Judith Putter says she paid UPS to professionally package the painting to ensure the glass was "masked" so it would do no harm if it broke.

Her nephew told her almost a week after she sent it last month that the painting had not arrived, so she checked the tracking information on the UPS website.

It said the package had been "damaged in transit" and "all merchandise discarded."

Putter says the painting belonged to her mother, who died last year and left it in her will to her grandson Jeremy Shinewald as a wedding gift.

The courier says it is working with Putter and the Winnipeg UPS outlet that she dealt with.

"We always work to ensure that our customers receive the service that they expect," UPS said in an email to the Winnipeg Free Press.

"I almost had a fit," Putter, a former gallery owner, said this week. "How do you discard people's belongings?"

A collage in acrylic painted on heavy paper, the painting was called "Bridge World: The Spirit Makers Come" by the late Alicia Popoff, a renowned Saskatchewan artist whose work Putter showed in solo exhibitions at the Thomas Gallery in 1989 and 1991.

It was recently appraised at $9,000, Putter said.

She doesn't have photos of the large painting, but family members are searching for pictures that might show it in the background.

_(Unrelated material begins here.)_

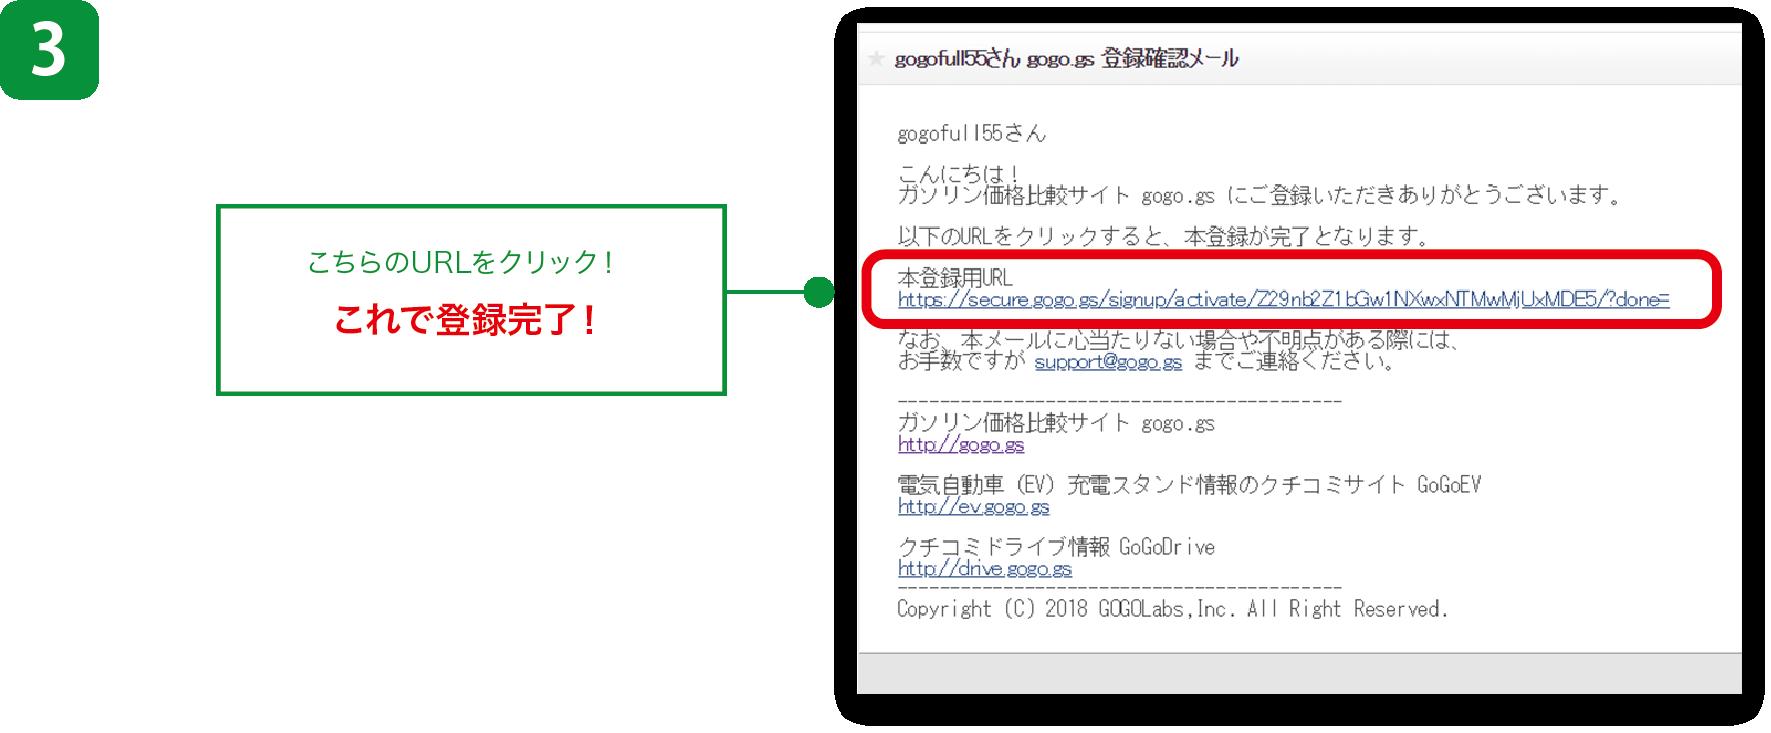 ユーザー登録3ステップ

Putter said she expects to receive the UPS maximum $2,500 in damage insurance, but added it's irrelevant because the one-of-a-kind painting had tremendous emotional significance for Shinewald.

"My mother bought it in April of '89, and it hung in her place for years, and Jeremy always loved it. She kept saying, 'When you get married, that's going to be your wedding present,'" Putter said.

"It's a beautiful piece of art and ... it's something that was a beautiful reminder of a woman that I had an amazing relationship with," Shinewald said.

"Nothing can replace it. Nothing."

Shinewald said he and his aunt have contacted UPS customer service several times and been told various things - that the painting was stained or it was damaged or it was dangerous.

Victor Avalos, who works at the UPS location where Putter arranged the shipment, said employees have been trying to find out why the outlet wasn't notified before the package was trashed in Lachine, Que.

"They say... when the glass broke, it was considered hazardous material and they had to discard it," he said. "But they didn't give details on how it got damaged."

Shinewald said UPS sent him a copy of its policy, which states it can dispose of anything that "may cause harm to any UPS employee, the public, or damage to other packages, pallets, UPS equipment or facilities, without prior notification to the shipper."

He said he has filed a report with Montreal police.